Start of Block

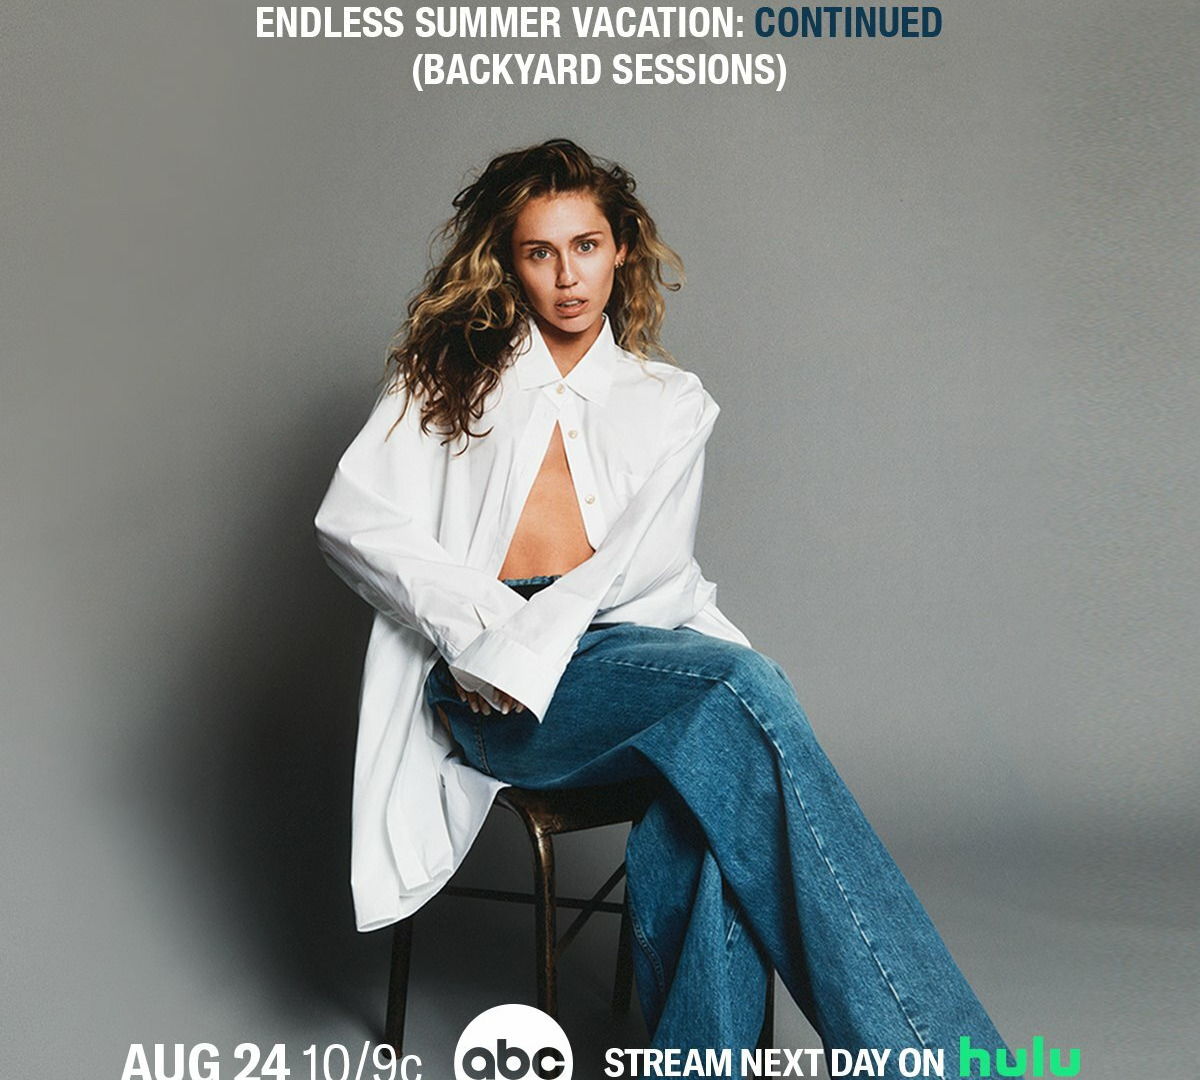 Show Miley Cyrus: Endless Summer Vacation (Backyard Sessions)
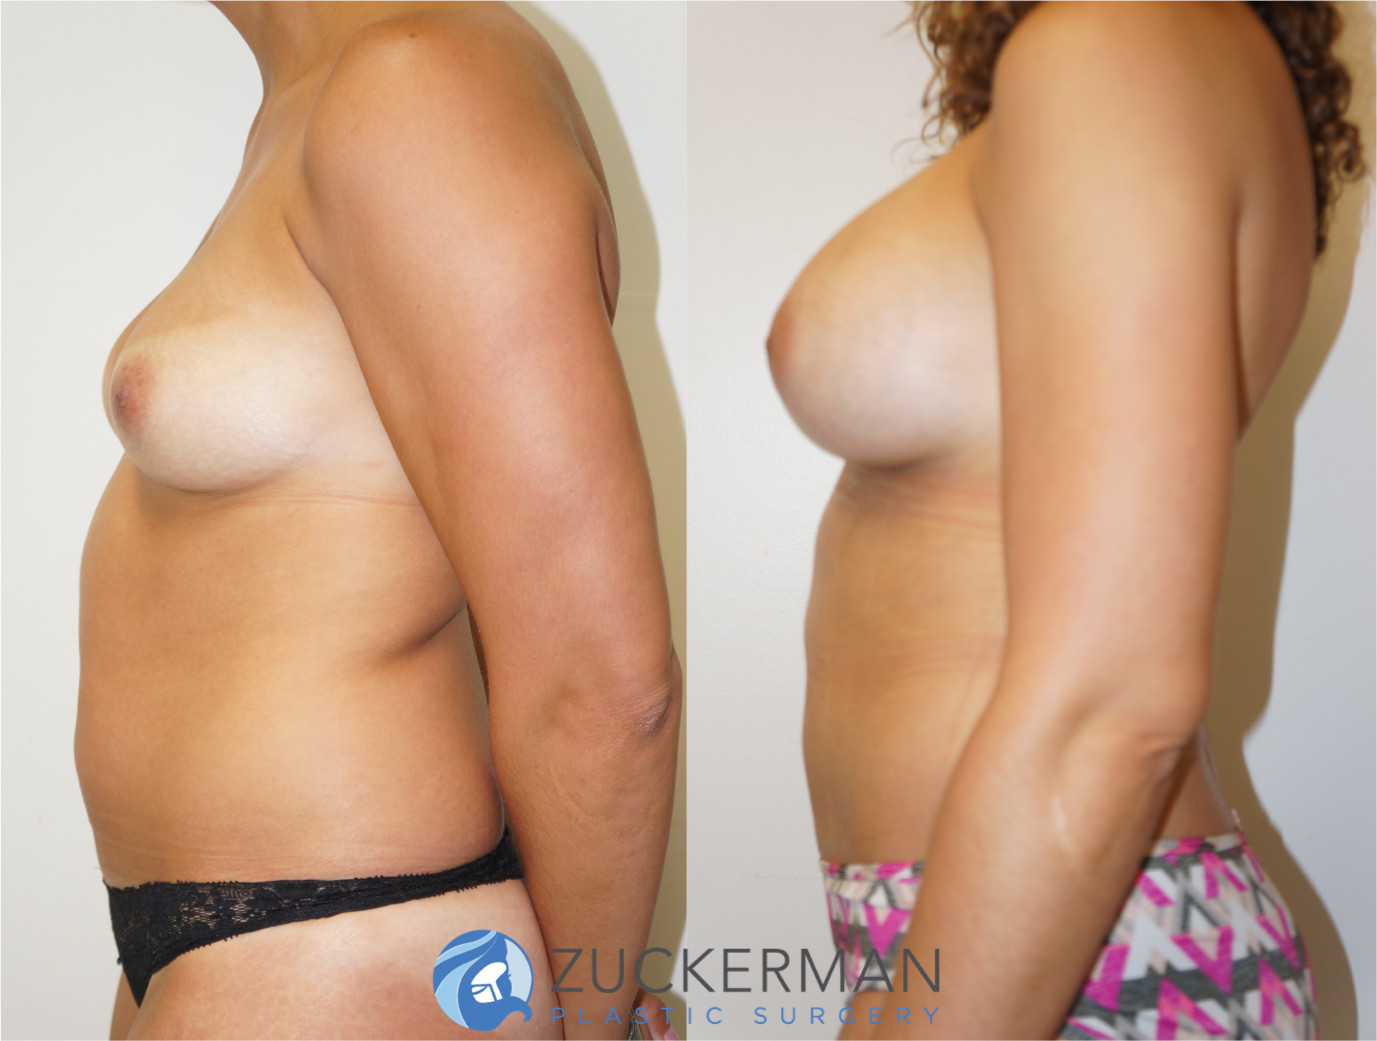 mommy makeover, before and after, breast augmentation, tummy tuck, liposuction, 2, joshua zuckerman md, nyc, right profile view
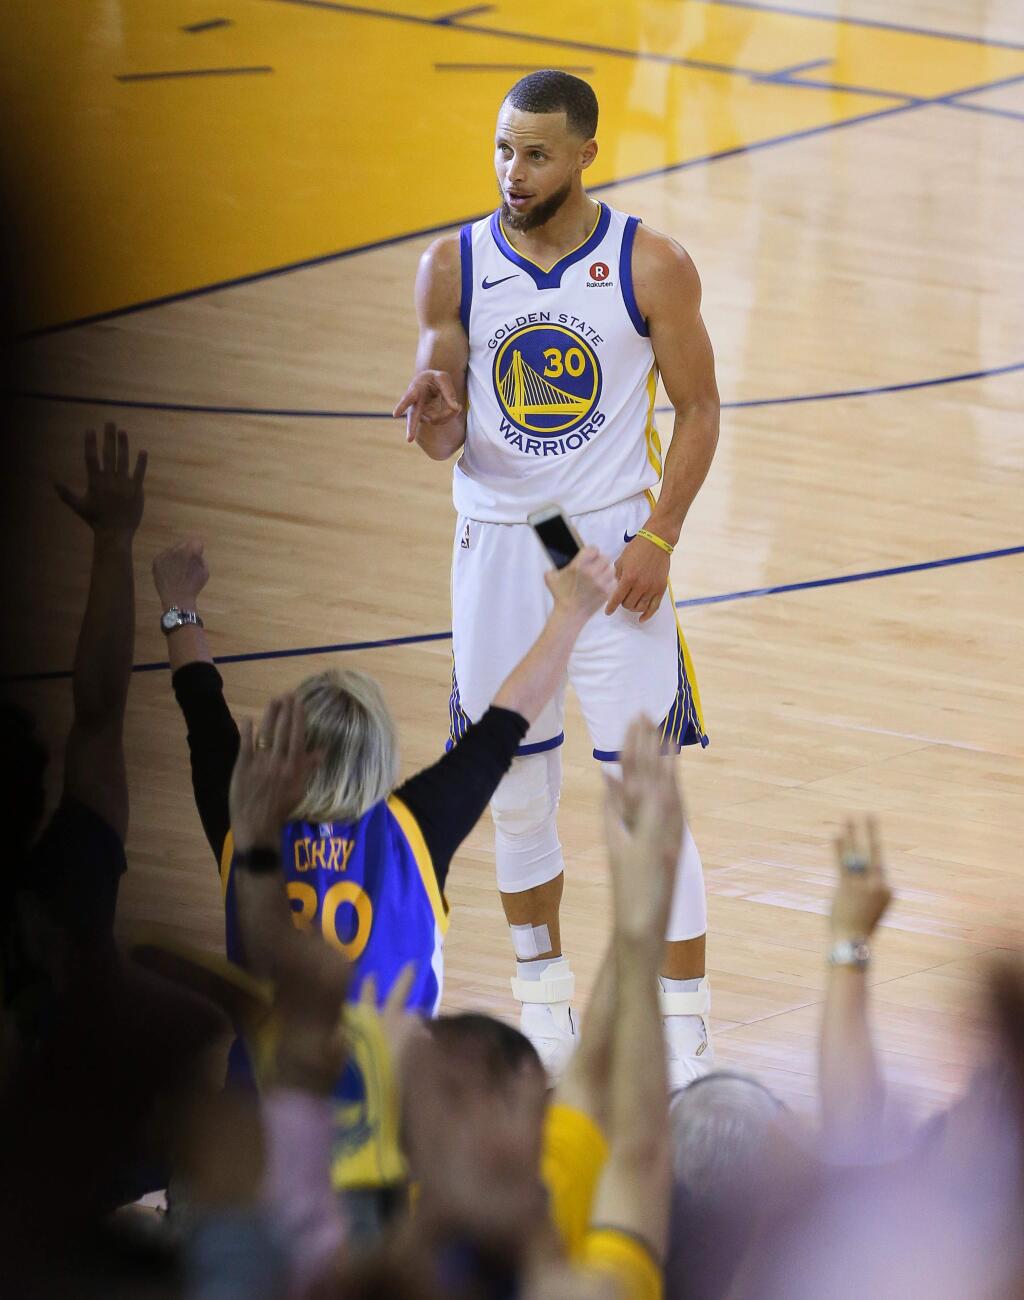 Golden State Warriors guard Stephen Curry celebrates a three-pointer to beat the halftime buzzer against the Cleveland Cavaliers, during Game 1 of the NBA Finals in Oakland on Thursday, May 31, 2018. (Christopher Chung/ The Press Democrat)

End of Block

#### WHAT TO PRODUCE
Please quote the lines of the material, beginning with the first and ending with the one that contains "mommy makeover, before", exactly as written and without any pictures.

#### ANSWER TO THIS PROBLEM
 Show Miley Cyrus: Endless Summer Vacation (Backyard Sessions)
 mommy makeover, before and after, breast augmentation, tummy tuck, liposuction, 2, joshua zuckerman md, nyc, right profile view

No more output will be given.